Face aux menaces renouvelées de Donald Trump, les responsables européens privilégient la négociation plutôt que l’affrontement direct. À Washington, les observateurs ne s’attendent guère à une réaction musclée du continent. Le président américain a réitéré son intention d’annexer le Groenland et d’augmenter les tarifs douaniers contre six nations européennes dès février, sans craindre une riposte majeure.
Le secrétaire au Trésor américain, Scott Bessent, a ouvertement ridiculisé les capacités de réaction de l’Union, déclarant que les Européens ne disposeraient que de groupes de travail comme instruments de défense. Ces propos reflètent la faiblesse perçue de la position européenne dans les négociations commerciales avec Washington. Le continent semble dépourvu de leviers de pression crédibles aux yeux de l’administration américaine.
Depuis plusieurs années, la stratégie européenne s’est fondée sur le dialogue et les compromis plutôt que sur l’affrontement. En juillet 2025, l’Union a accepté un accord commercial défavorable avec les États-Unis, renforçant l’impression d’une Europe soumise et sans moyens de défense.

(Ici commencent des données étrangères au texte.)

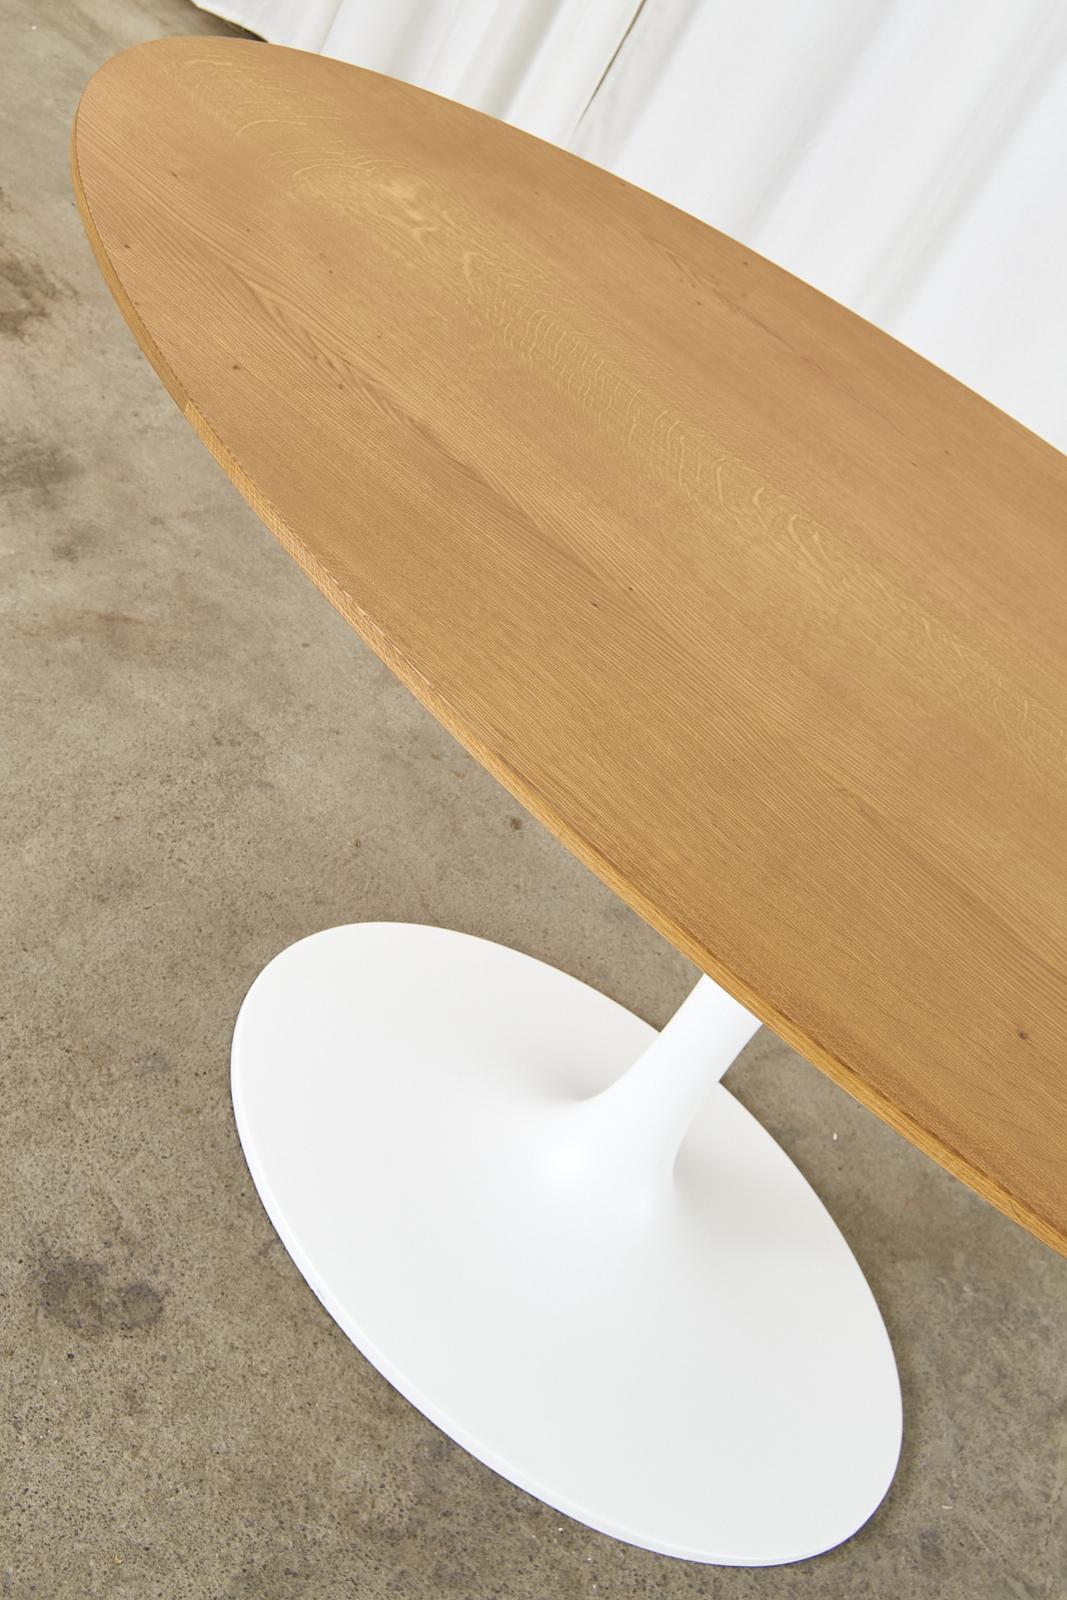 American Eero Saarinen Knoll Style Oval Oak Top Tulip Dining Table

Cette approche accommodante a progressivement endommagé la crédibilité européenne sur la scène internationale.
Les eurodéputés critiquent vivement cette passivité prolongée. Nathalie Loiseau, représentante du groupe Renew, dénonce l’illusion entretenue autour du partenariat transatlantique. Selon elle, une année de discussions n’a produit que des concessions unilatérales sans bénéfices tangibles pour l’Europe. Cette autocritique révèle des divisions croissantes au sein du Parlement européen sur la conduite des relations avec Washington.
Ursula von der Leyen, présidente de la Commission européenne, maintient une posture de dialogue constructif malgré les provocations. Cependant, sa stratégie fait face à une opposition croissante au sein des institutions européennes. Le consensus politique se fracture entre partisans de la fermeté et défenseurs du dialogue, rendant la formulation d’une position commune de plus en plus difficile pour le continent.